(Data extracted from a collection)
----

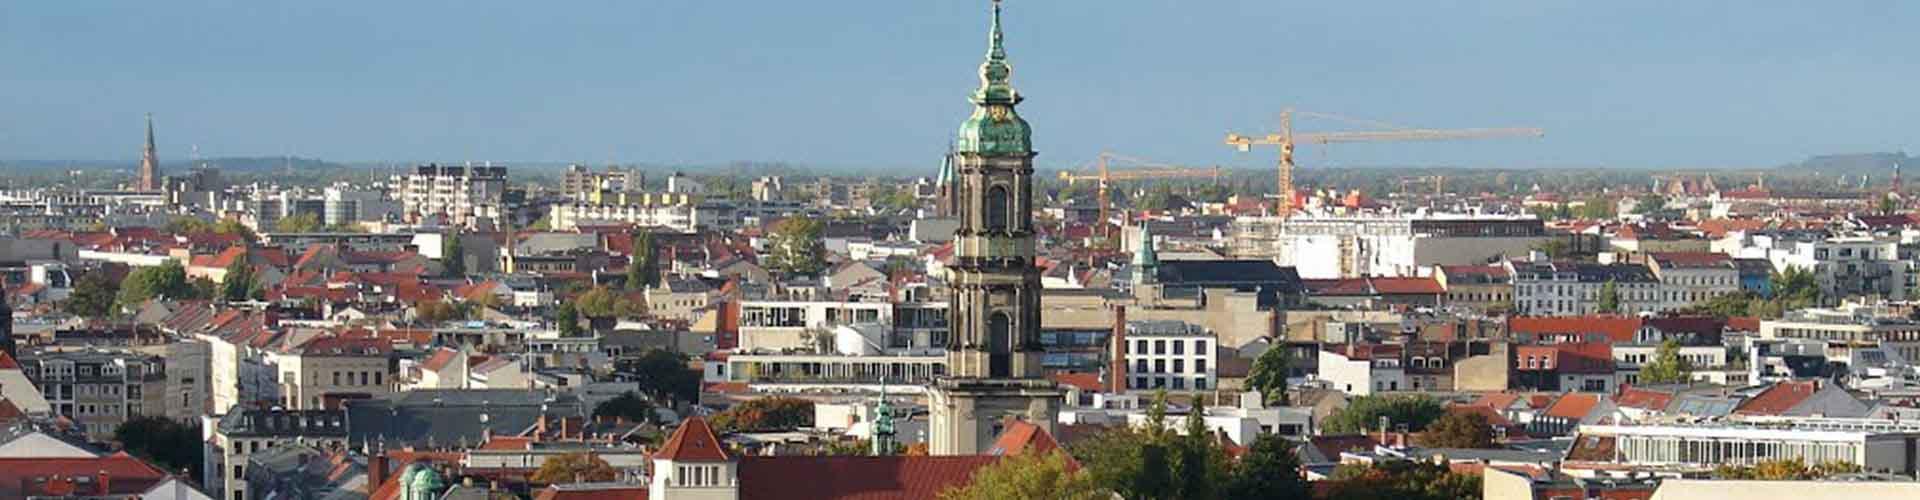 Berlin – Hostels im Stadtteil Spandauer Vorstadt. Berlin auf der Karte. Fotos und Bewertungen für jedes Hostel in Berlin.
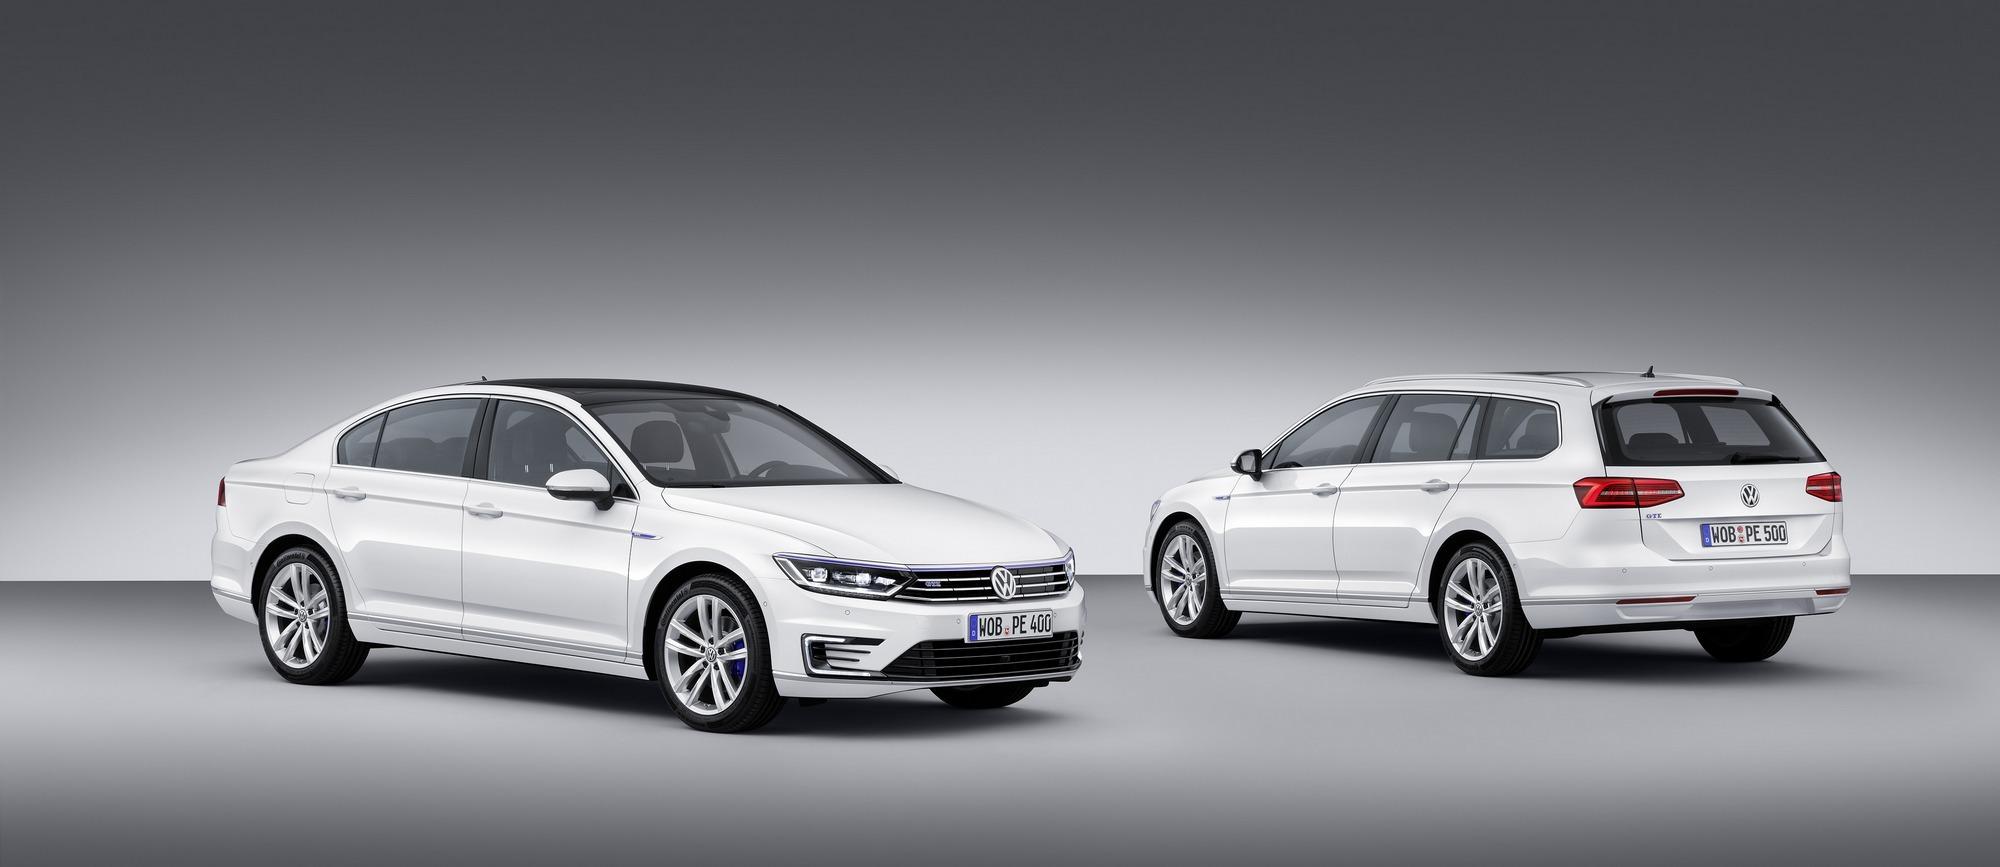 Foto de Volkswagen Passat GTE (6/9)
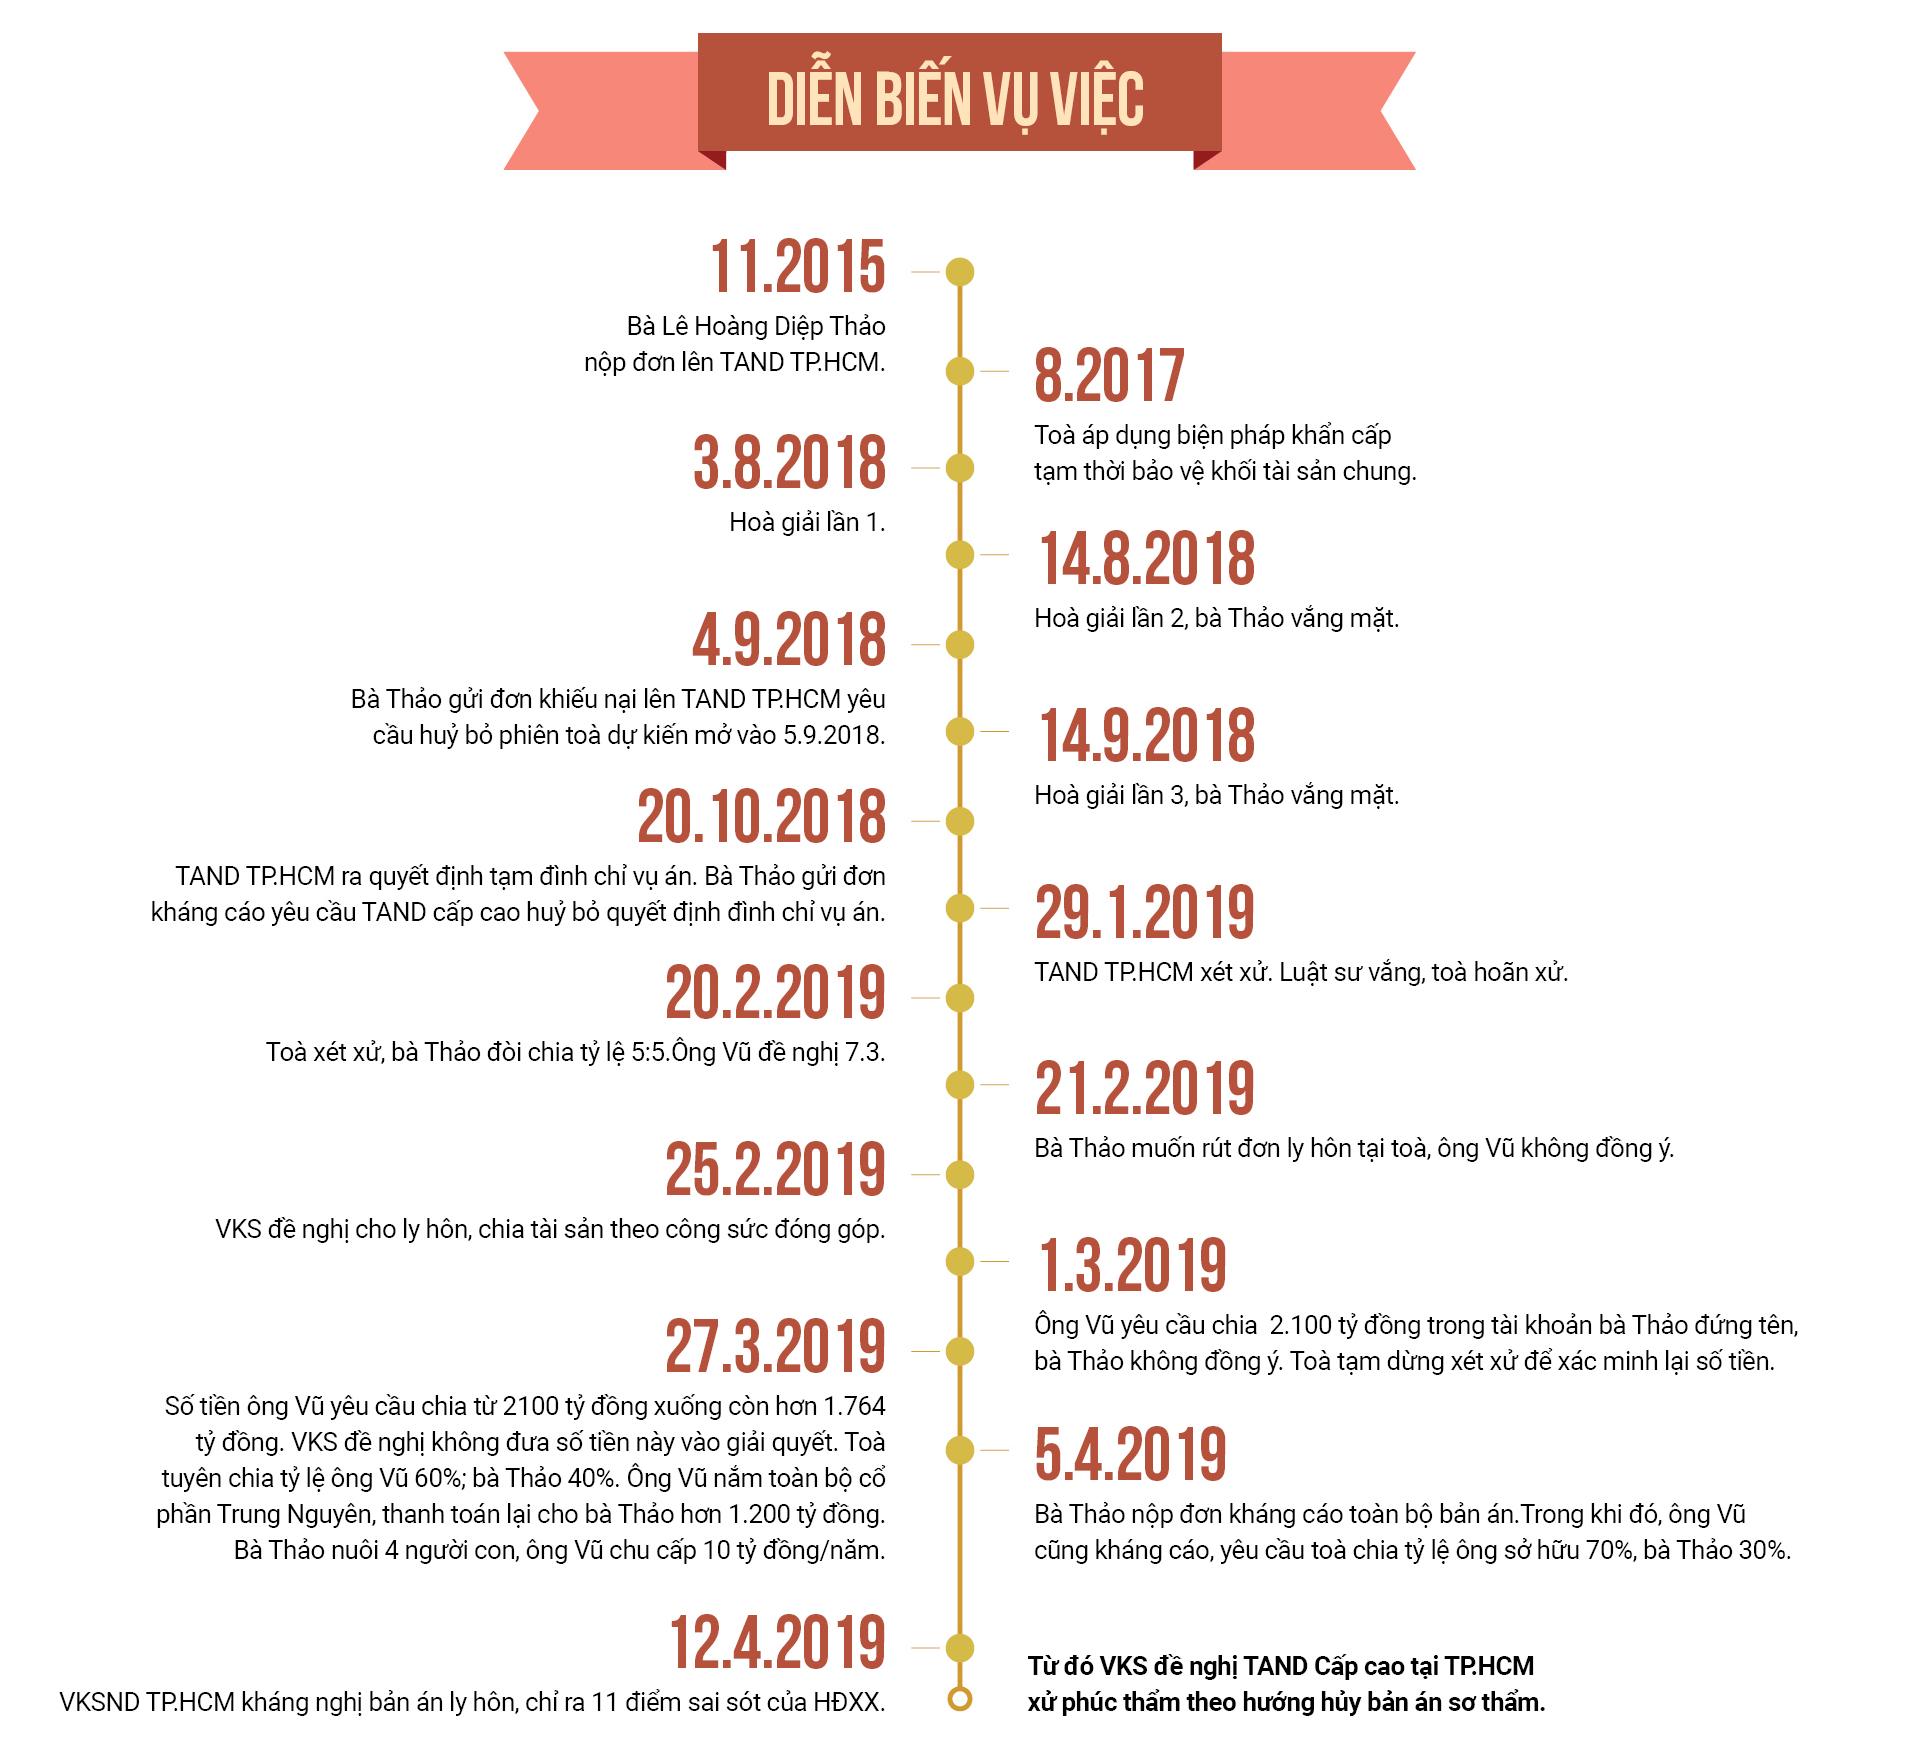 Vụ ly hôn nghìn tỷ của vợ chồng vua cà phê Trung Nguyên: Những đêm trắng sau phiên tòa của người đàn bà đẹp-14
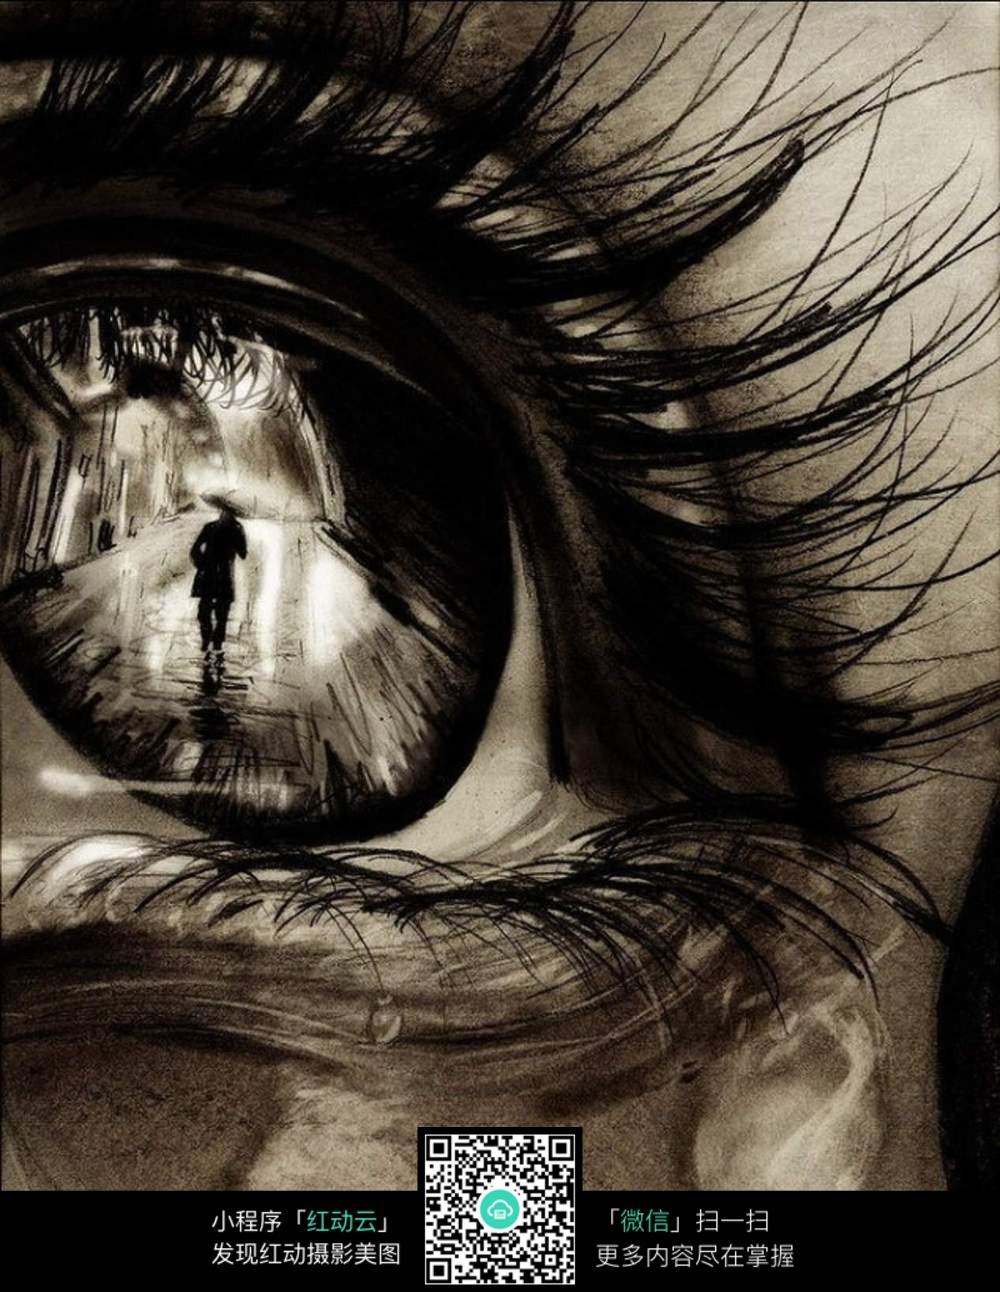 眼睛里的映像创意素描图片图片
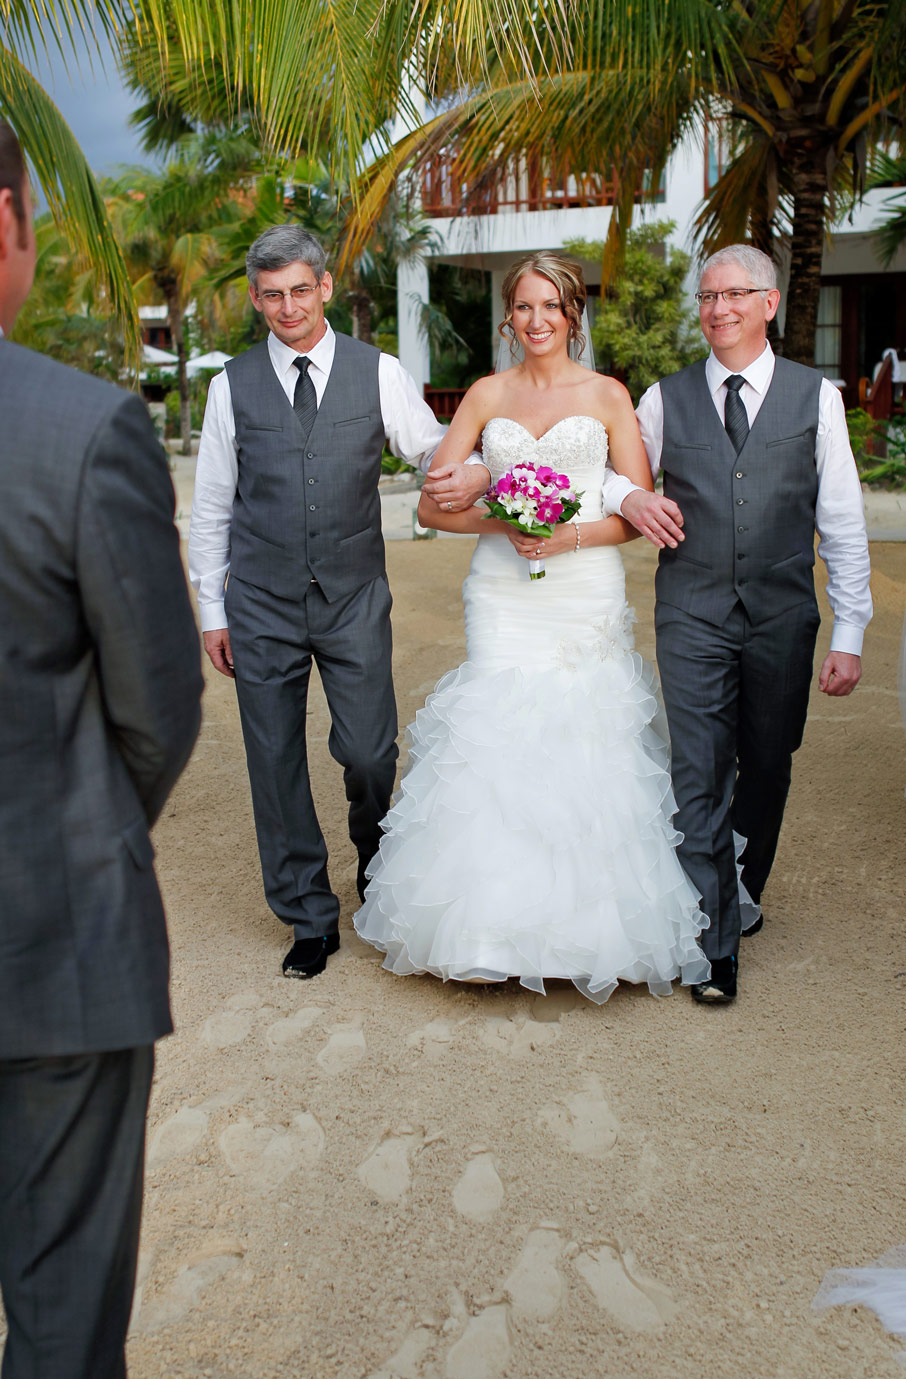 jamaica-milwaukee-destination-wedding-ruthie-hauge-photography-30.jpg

----

Aim of the task: Write out the line that contains "Foto de Volkswagen Passat GTE (6/9)" and every line after it to the end of the data, exactly as they stand. Omit the pictures.

Exercise response:
 Foto de Volkswagen Passat GTE (6/9)
 Vụ ly hôn nghìn tỷ của vợ chồng vua cà phê Trung Nguyên: Những đêm trắng sau phiên tòa của người đàn bà đẹp-14
 眼睛里的映像创意素描图片图片
 jamaica-milwaukee-destination-wedding-ruthie-hauge-photography-30.jpg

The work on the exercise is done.